Researchers achieve a first with creation of an autologous heart valve in the living bodies of rabbits

It is now possible to stimulate growth of valve-shaped tissue inside an animal’s body, according to a presentation at the annual meeting of the American Heart Association. The process may make it possible to use autologous tissue engineering to make a new valve from an individual’s own cells.

“It’s the first fabrication of an autologous heart valve inside a living body,” said Kyoko Hayashida, MD, lead author of the study and a research fellow at the National Cardiovascular Center Research Institute in Osaka, Japan, and at the Kyoto Prefecture University of Medicine.

“We created an autologous valved-conduit through a simplified and less costly process carried out in living bodies,” she said. “If every body organ could be recreated by using autologous cells, it would solve the current shortage of donated organs available for transplantation and the use of costly and harmful anti-rejection drugs.”

The tissue engineering technique takes advantage of tissue encapsulation, in which cells naturally surround implanted foreign materials. In the current study, Japanese researchers developed plastic molds that included three flap-like leaflets that mimic valve flaps. The leaflets contained a tiny opening, less than one millimeter wide. An elastic-like conduit scaffold, repeatedly pierced by a laser to give it a sponge-like texture, held the leaflets in place.

The entire apparatus is just over a centimeter long with a diameter of less than a centimeter, making it possible to implant up to five molds in a layer of fat on the rabbits’ backs without bothering the rabbits.

The laser-produced holes allowed cells to infiltrate the molds and grow around them. After one month, the researchers removed the molds from the rabbits, removed the outer mold, and left the heart-valve-shaped inner mold intact.

They implanted 10 molds: 5 in the first rabbit, 3 in the second rabbit and 2 in the third.
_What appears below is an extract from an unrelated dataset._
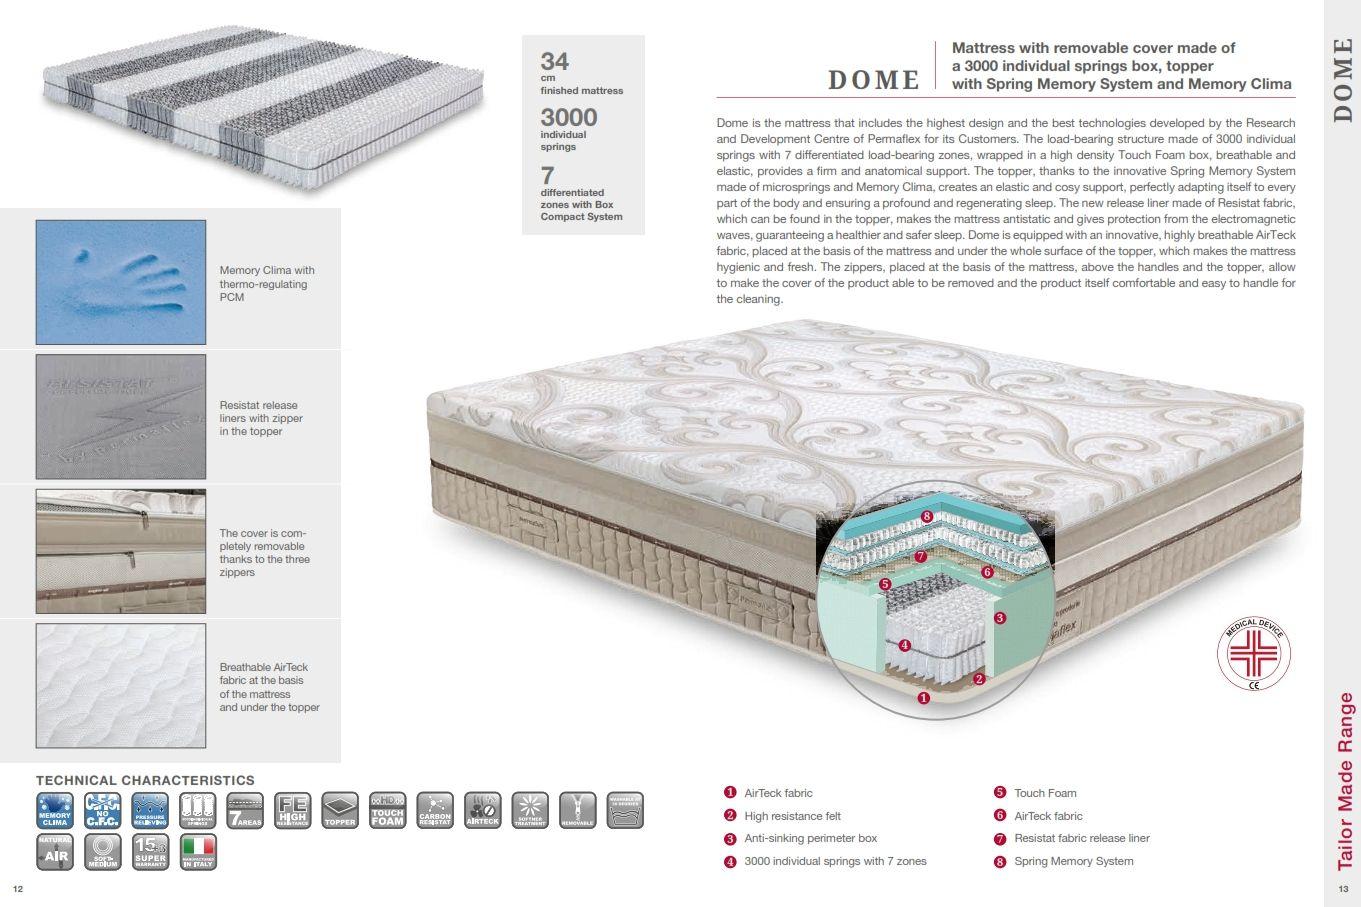 luxus matratzen permaflex matratze deluxe dome seriedie m bel aus italien. Black Bedroom Furniture Sets. Home Design Ideas
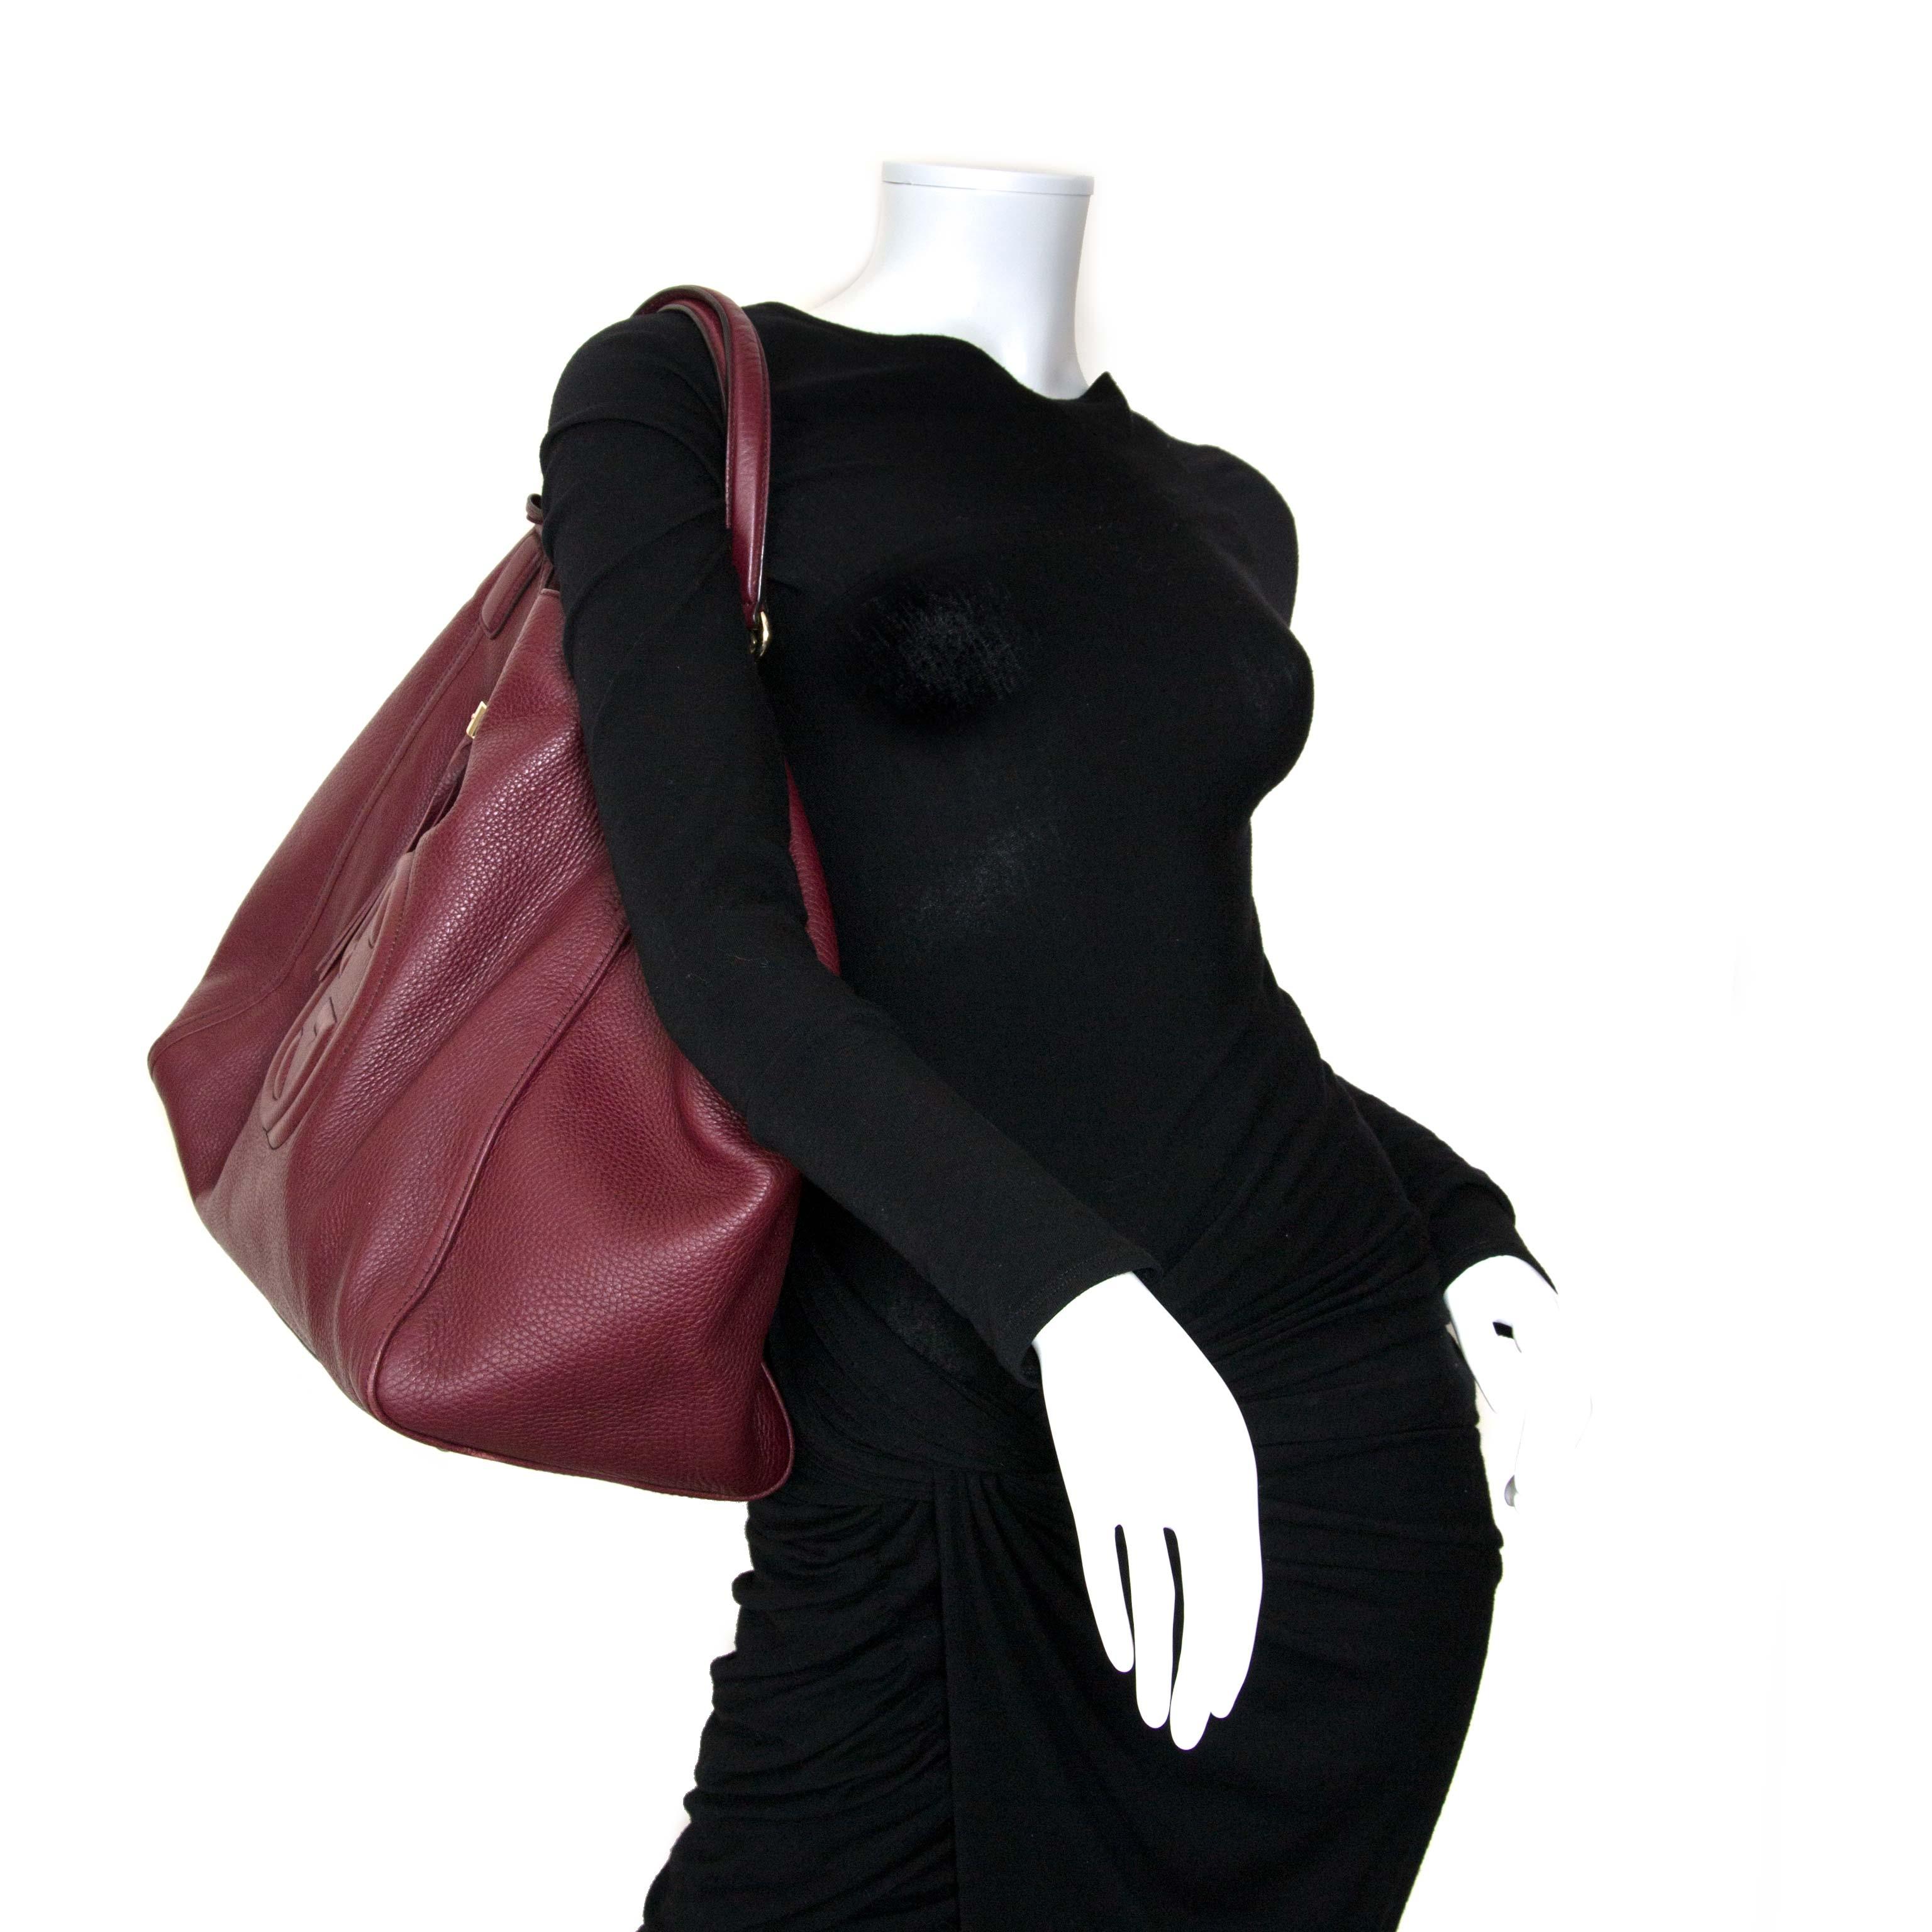 gucci burgundy soho shopper now for sale at labellov vintage fashion webshop belgium

There was a 50 percent success rate overall (5 of 10 attempts): Two of five in the first rabbit, two of three in the second and one of two in the third.

Although the valve conduits did not have the same cell layers as natural heart valves, they functioned in a similar way when researchers performed flow studies in test tubes. Future research will investigate whether the valves can resist the fluid pressures encountered by native heart valves without degradation.

The researchers also plan to further evaluate the engineered valve’s function when implanted in the body, as well as its potential for growth, self-repair and regeneration in the body, Hayashida said.